CHECK_NRPE: Socket timeout after 10 seconds.
Alex Dehaini
alexdehaini at gmail.com
Wed Sep 3 11:06:11 CEST 2008
In that case, then it is not the firewall then.
Lex
On Wed, Sep 3, 2008 at 8:58 AM, J. Bakshi <joydeep at infoservices.in> wrote:
> Alex Dehaini wrote:
> > Why not drop this rule temporarily and test. If it works, then you
> > know for sure it is your firewall.
>
> I did it. but no success.

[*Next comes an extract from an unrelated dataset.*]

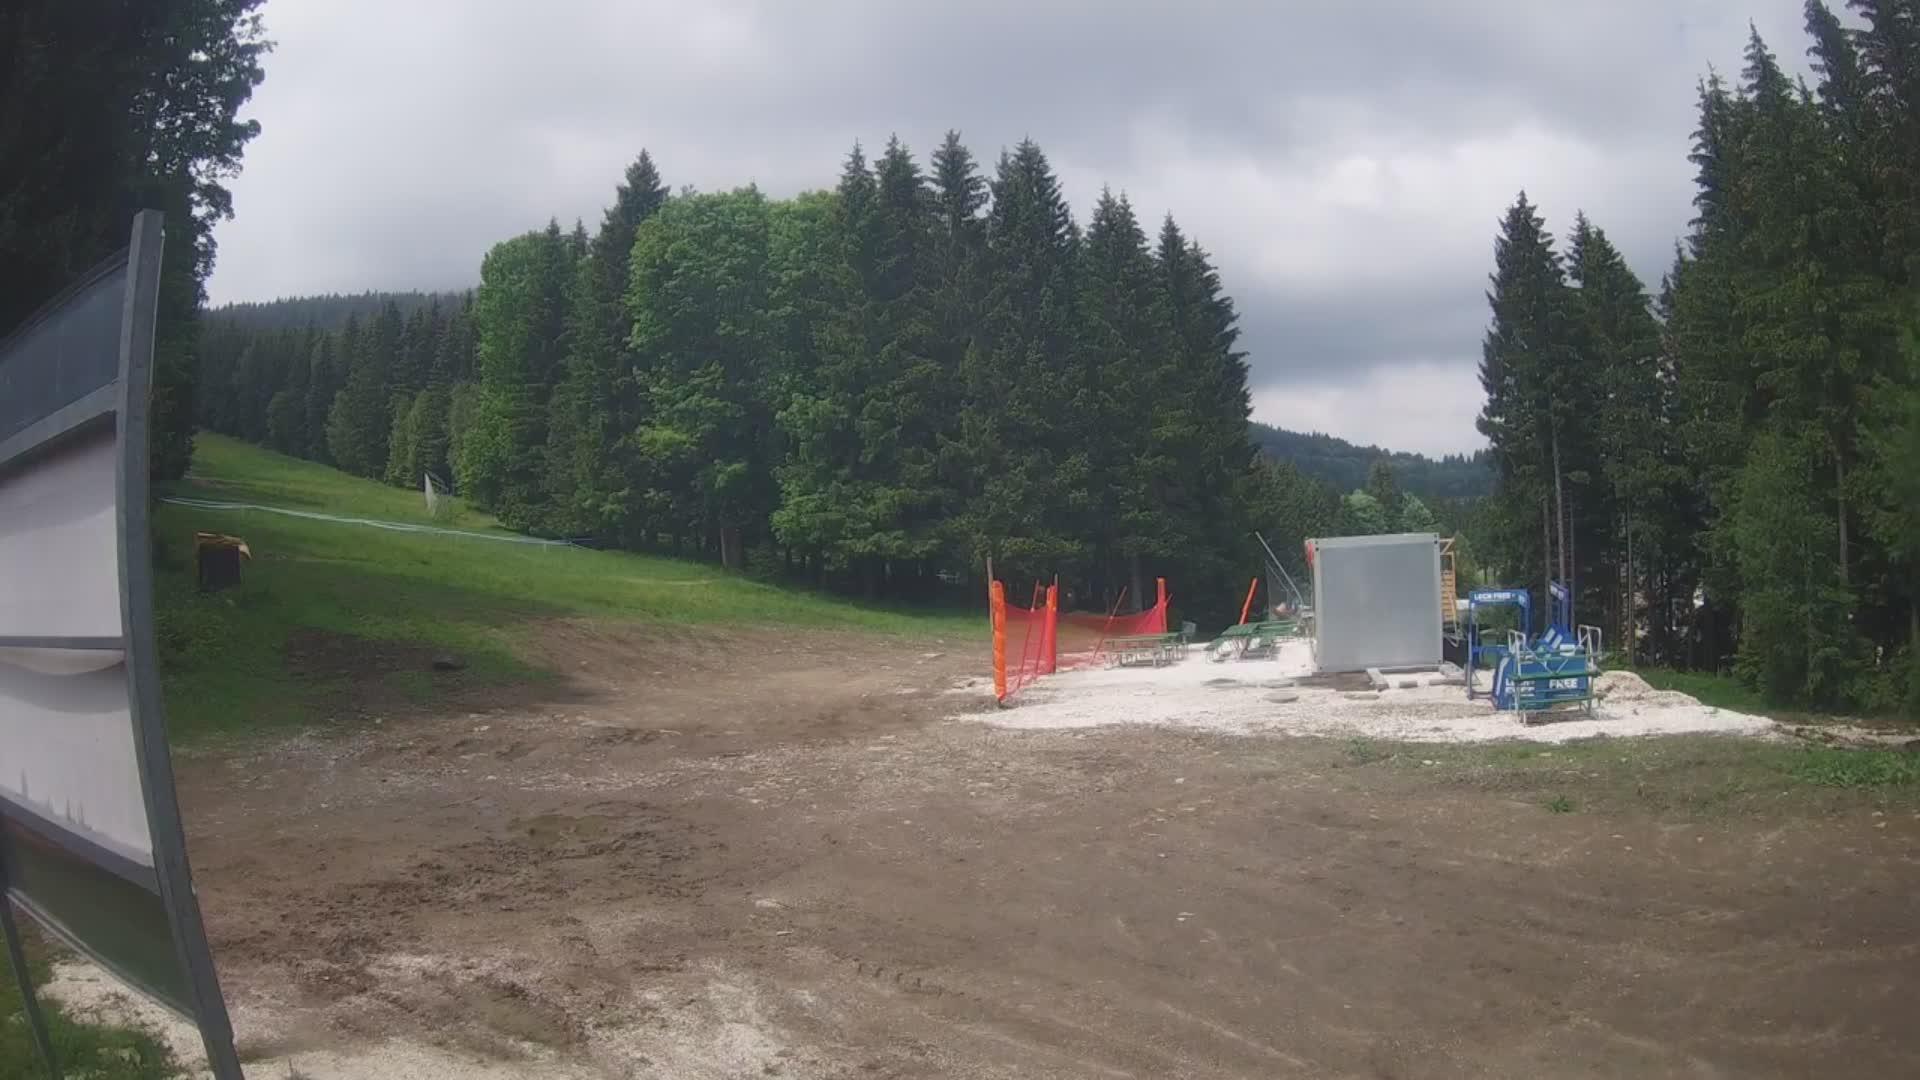 Webcam Skigebiet Czarna Gora cam 6 - Glatzer Schneegebirge

I should look into it in depth
>
>
>
> >
> > Alternatively, you could seek commercial support.
> >
> > Lex
> >
> > On Wed, Sep 3, 2008 at 4:21 AM, J. Bakshi <joydeep at infoservices.in
> > <mailto:joydeep at infoservices.in>> wrote:
> >
> > Mark Young wrote:
> > > On Sep 2, 2008, at 9:44 AM, J. Bakshi wrote:
> > >
> > >
> > >> J. Bakshi wrote:
> > >>
> > >>> Alex Dehaini wrote:
> > >>>
> > >>>
> > >>>> Dude,
> > >>>>
> > >>>> I am assisting with nagios not your firewall. Read your firewall
> > >>>> docs
> > >>>> very well. Remember to always read the documentation carefully
> > >>>> before
> > >>>> requesting for assistance that are already in the docs.
> > >>>>
> > >>>>
> > >>> The nrpe docs mentions abt the firewall rules which I have
> already
> > >>> used,
> > >>> but no luck :-(
> > >>>
> > >>>
> > >> Not firewall; I have solved the problem by incresing time with -t
> > >>
> > >
> > > From what you are describing I believe that this is a problem with
> > > your xinetd nrpe configuration. I run into this problem a lot. By
> > > default Xinet will only allow so many instances per second that if
> > > exceeded xinet will refuse connects for certain amount of time.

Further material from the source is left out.